La mission de contrôle a également relevé que l’utilisation des crédits du Fonds de développement rural de mise en valeur des terres agricoles n’a pas été conforme aux objectifs du programme, notamment en matière d’augmentation des surfaces agricoles utiles. « Des actions portant sur la fourniture de semence de pomme de terre et d’engrais, non éligibles au fonds de mise en valeur, objet de plusieurs contrats et bons de commande ont été ainsi prises en charge sur les ressources du fonds, et ce, pour un montant de 128 557 424,35 DA, alors qu’elles devaient être normalement financées par les bénéficiaires de la concession, certaines actions ont bénéficié d’un financement sur le fonds sans pour autant qu’elles soient prévues et autorisées par les décisions de projets et encore moins validées par le comité ad hoc. Il s’agit entre autres de l’acquisition de 16 groupes électrogènes pour un montant de 24 579 553,42 DA et de kits d’aspersion d’une valeur de 711 918 615,43 DA. » Pour les enquêteurs de la Cour des comptes, l’acquisition de ces équipements par la GCA auprès de Ethyag, Rebaïne Samir, Bougarne Boufeldja et Trabassam « a été à l’évidence décidée dans le but d’assurer à ces dernières un plan de charge plutôt que de répondre aux besoins des différents projets retenus. D’ailleurs, la majorité du matériel acquis entre 2001 et 2004 demeure non utilisée et reste en souffrance au niveau de certaines APC et de ce fait exposée au vol ». Le montant global des engagements de l’espèce contracté par la GCA sur le fonds au niveau de 71 périmètres, répartis à travers 17 wilayas, a été évalué à 7 756 306 278,77 DA sur une donation financière de l’Etat de 9 396 474 962 DA. Les décaissements relatifs aux travaux réalisés, indique-t-on dans le rapport, a atteint au 31 juillet 2007 la somme de 4 683 166 049,94 DA. Situation qui a eu pour conséquence « une déperdition de l’effort d’investissement consenti sur les fonds publics, une absence de contribution des concessionnaires dans le financement de certaines actions prévues dans les projets, l’exposition des investissements réalisés aux risques de dégradation, de destruction et de vol ».

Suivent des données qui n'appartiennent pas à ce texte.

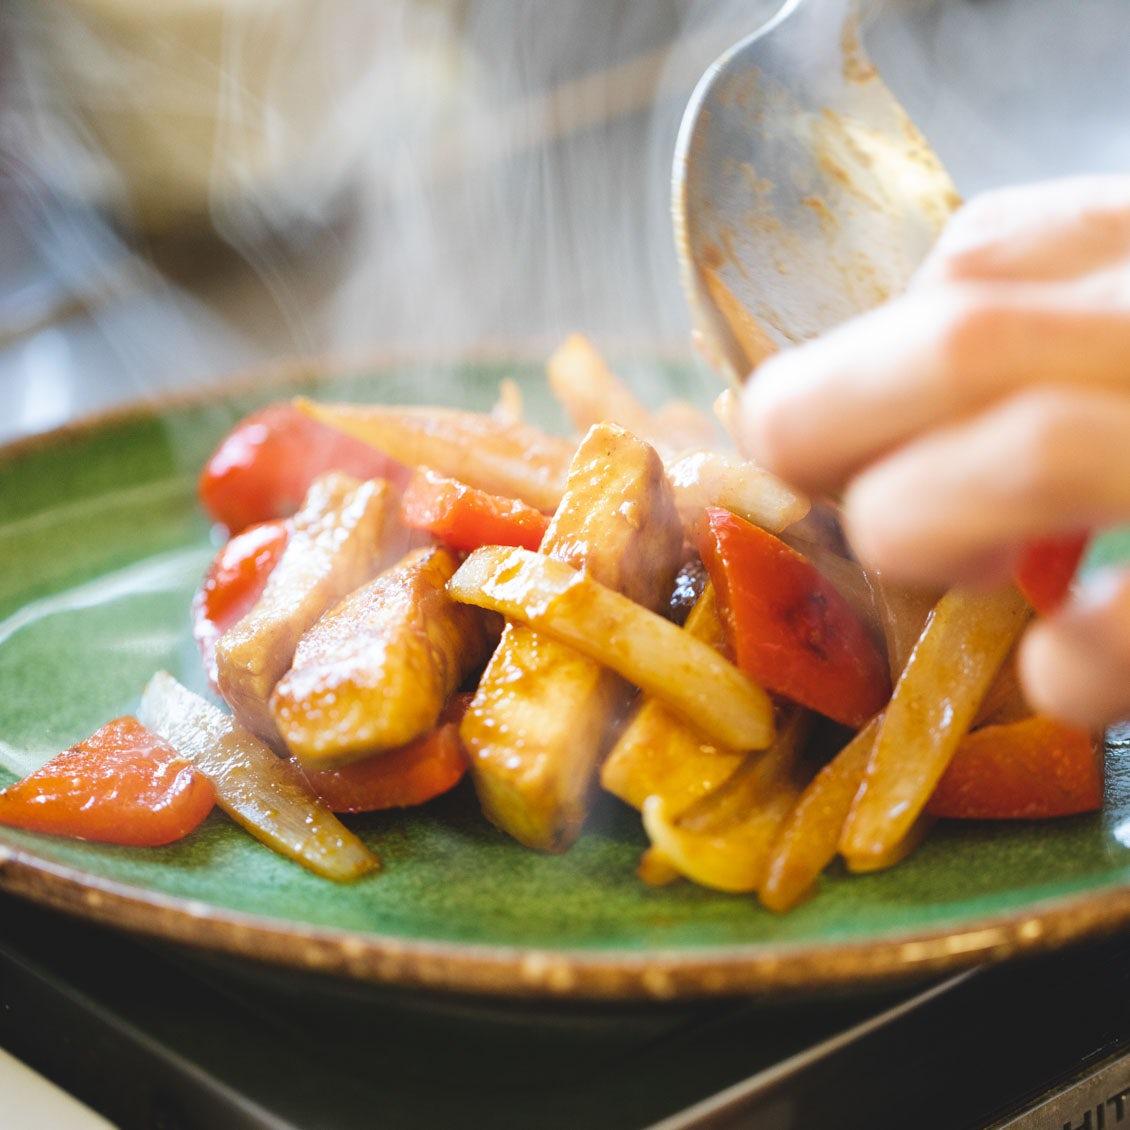 【疲れた日こそ、食べたい魚】第3話:野菜と炒めて大皿へ。みんな大好き「カジキのカレー醤油漬け」
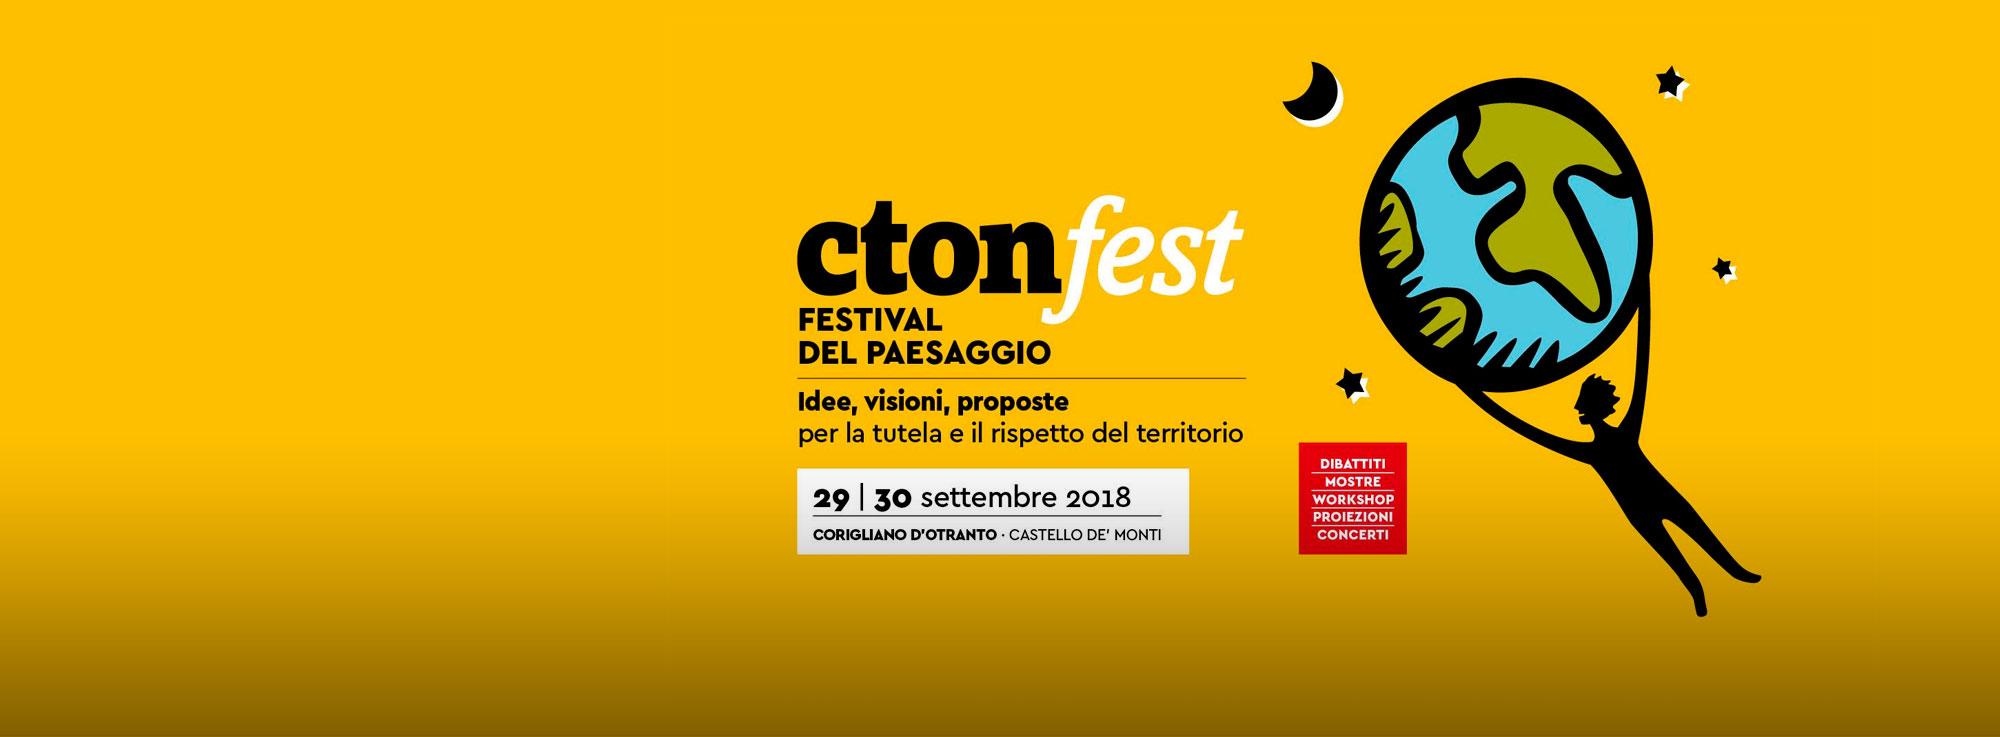 Corigliano d'Otranto: Cton Fest - Festival del Paesaggio

A ce titre, la Cour des comptes a rappelé que la GCA a été dans de nombreux cas contrainte de reprendre à son compte certains travaux déjà réalisés et payés, en citant comme exemple 11 projets dans la wilaya d’El Oued, qui ont induit une dépense supplémentaire d’un montant global de 361 957 248 DA. Après avoir mis en exergue le déficit flagrant en matière de contrôle interne dans les traitements des dossiers, la Cour des comptes a appelé le ministre de l’Agriculture à prendre les mesures appropriées pour remédier à la situation jugée préjudiciable. Ainsi, l’expertise confirme clairement les graves anomalies ayant entaché la gestion de la GCA, et pour laquelle la justice s’est autosaisie au début de cette année, puisque le parquet de Djelfa a déjà convoqué 137 personnes dont plus de 70 ont déjà été entendues. Parmi celles-ci, 7 ont déjà été mises sous mandat de dépôt dont l’ex-PDG de la GCA et l’ex-directeur technique, alors que 8 autres ont été placées sous contrôle judiciaire dont des entrepreneurs et deux mandats d’arrêt ont été lancés contre deux autres en fuite. A signaler que parmi les personnes citées à comparaître, figure l’ex-président de l’APN, Mohamed Saâdani, en tant que bénéficiaire d’un financement d’un projet d’agriculture dans la région.